### WORK TO BE COMPLETED:
Transcribe the listing that follows in full, exactly, and drop its images.

### DATASET CONTENT:

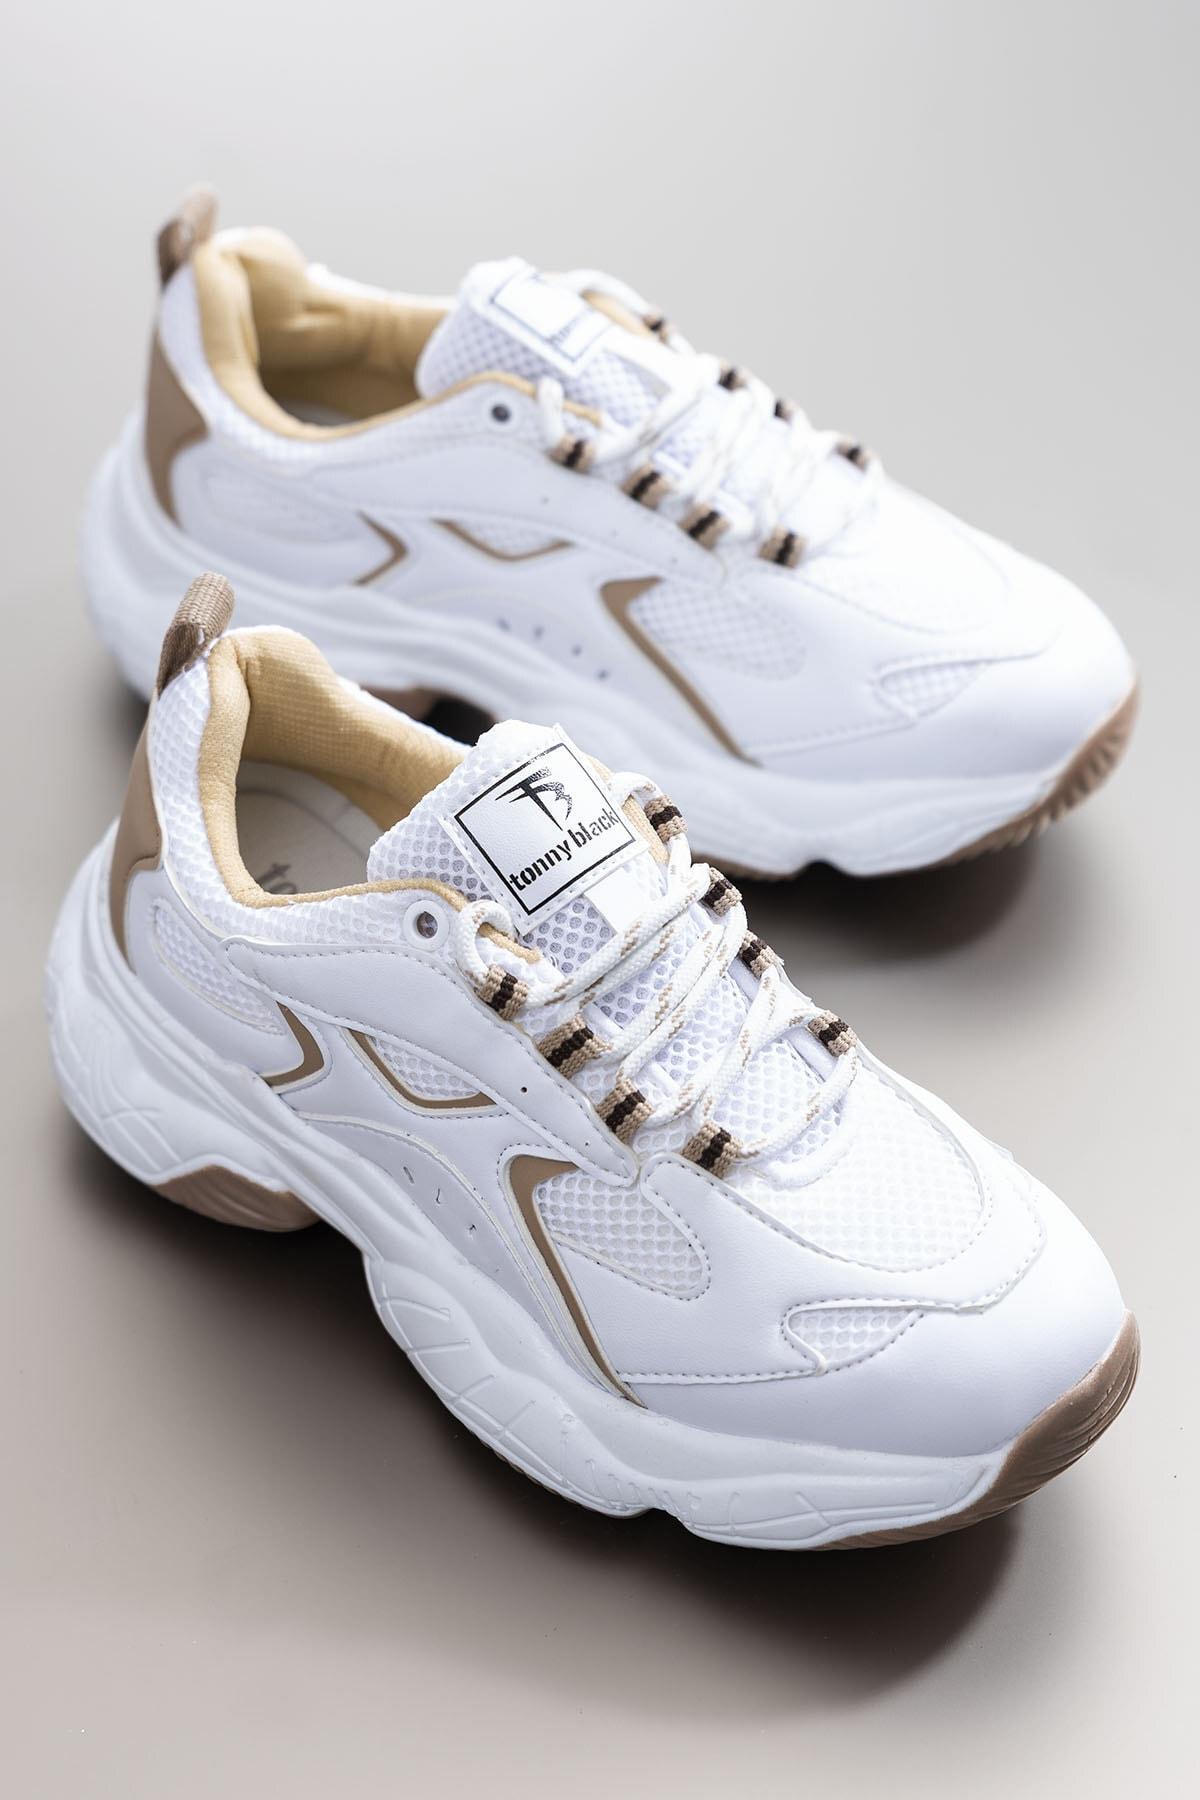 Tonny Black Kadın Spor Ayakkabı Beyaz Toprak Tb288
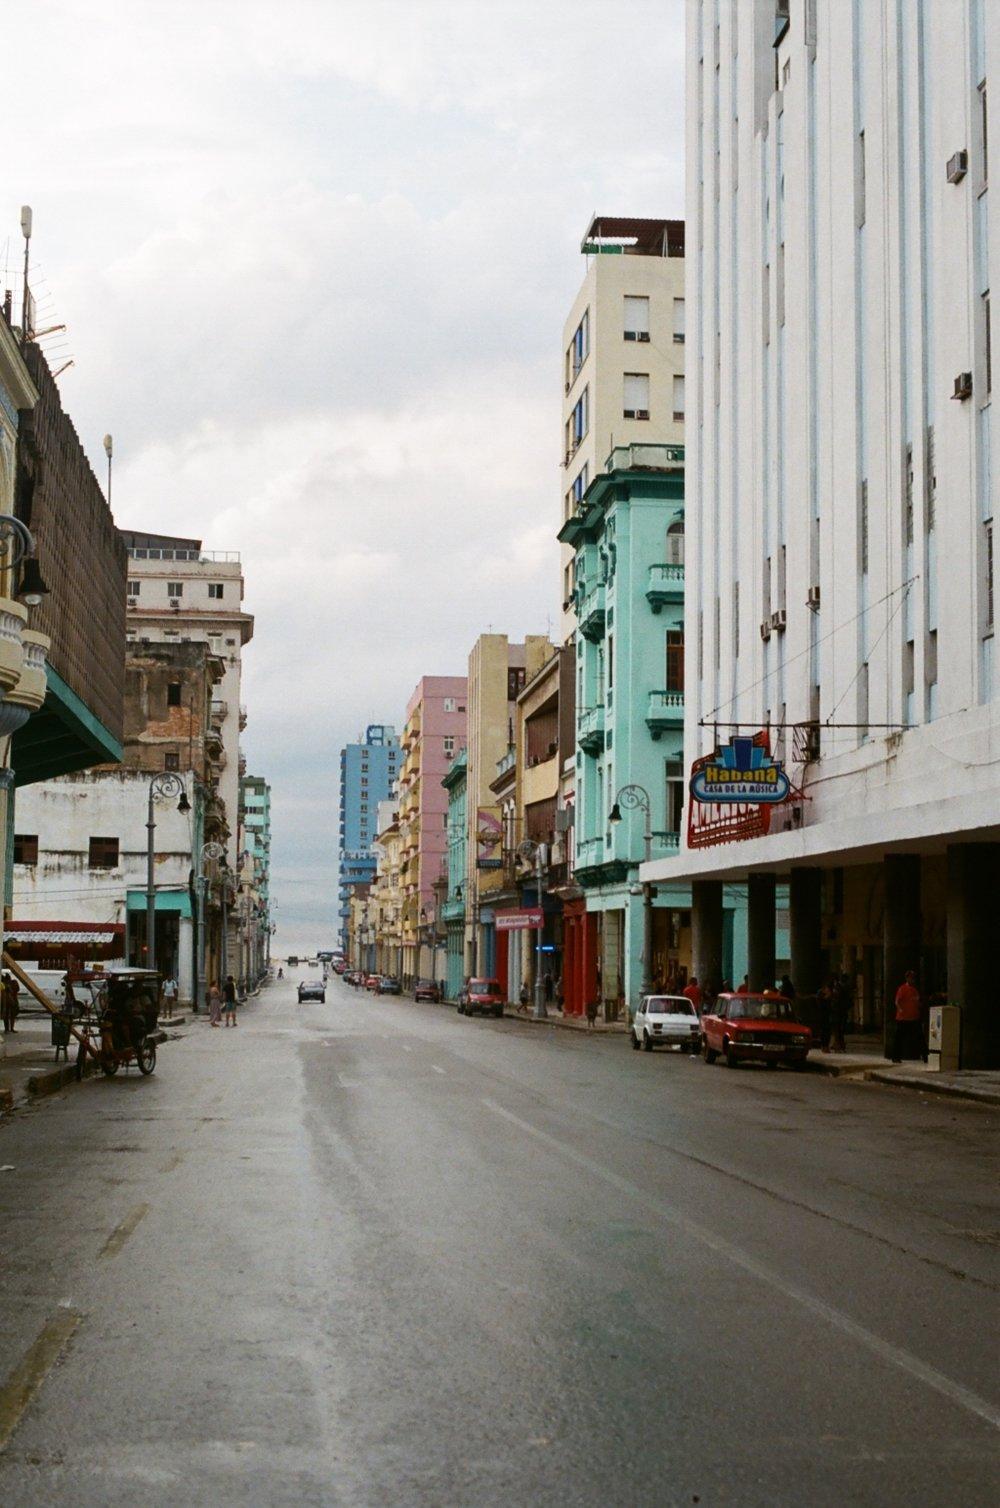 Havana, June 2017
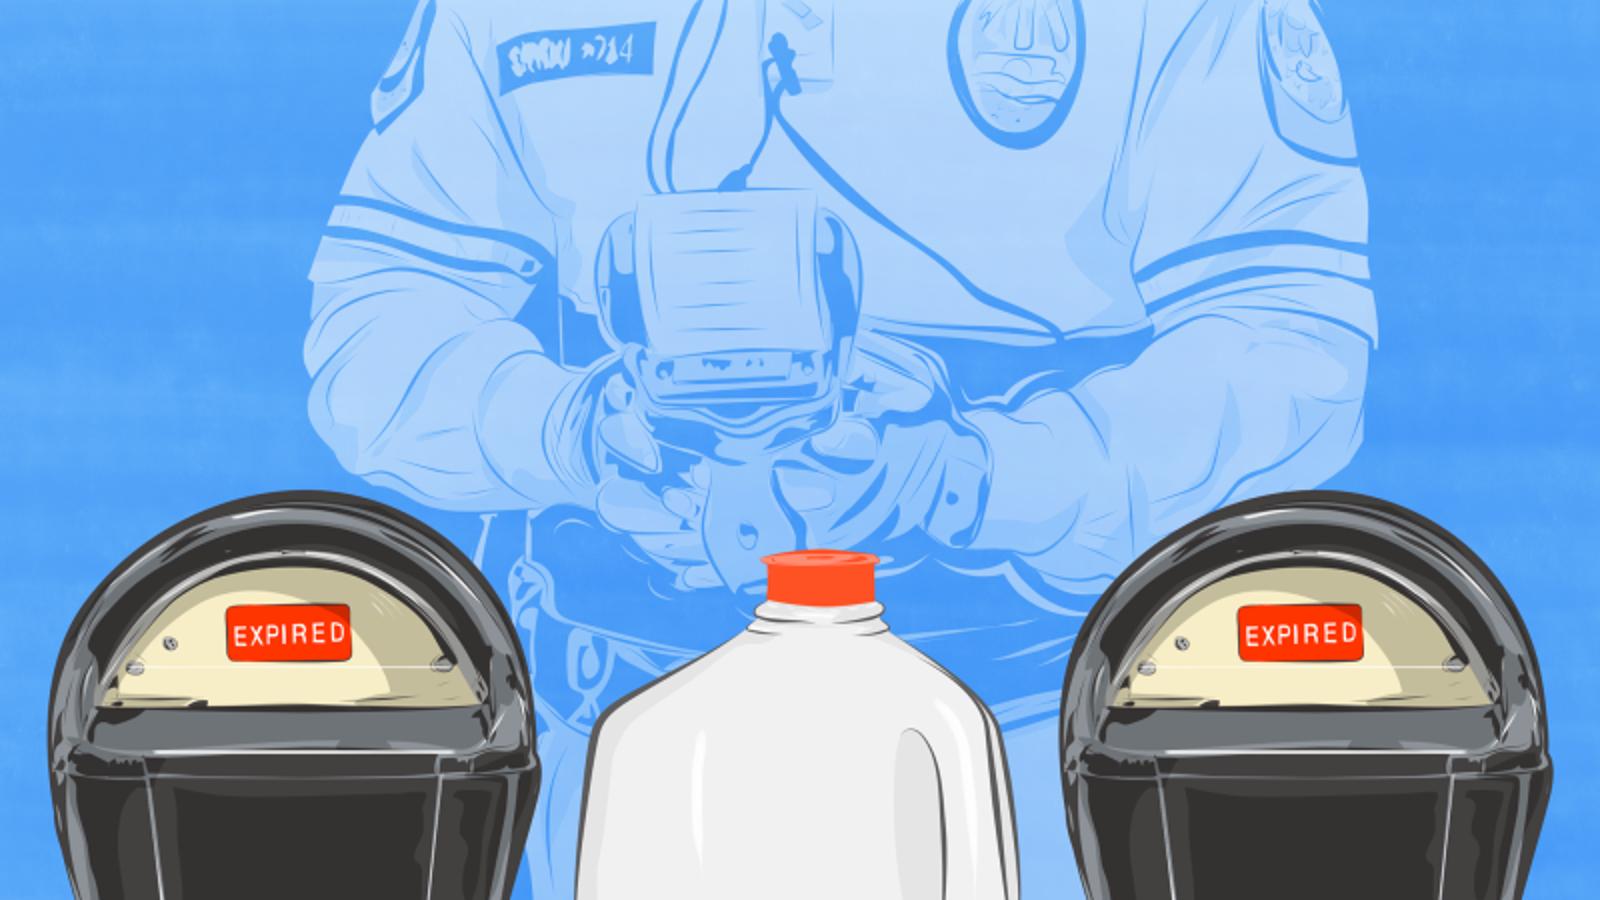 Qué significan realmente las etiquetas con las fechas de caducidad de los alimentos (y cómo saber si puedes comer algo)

### SOLUTION FOR THIS EXERCISE:
 Tonny Black Kadın Spor Ayakkabı Beyaz Toprak Tb288
 Havana, June 2017
 Qué significan realmente las etiquetas con las fechas de caducidad de los alimentos (y cómo saber si puedes comer algo)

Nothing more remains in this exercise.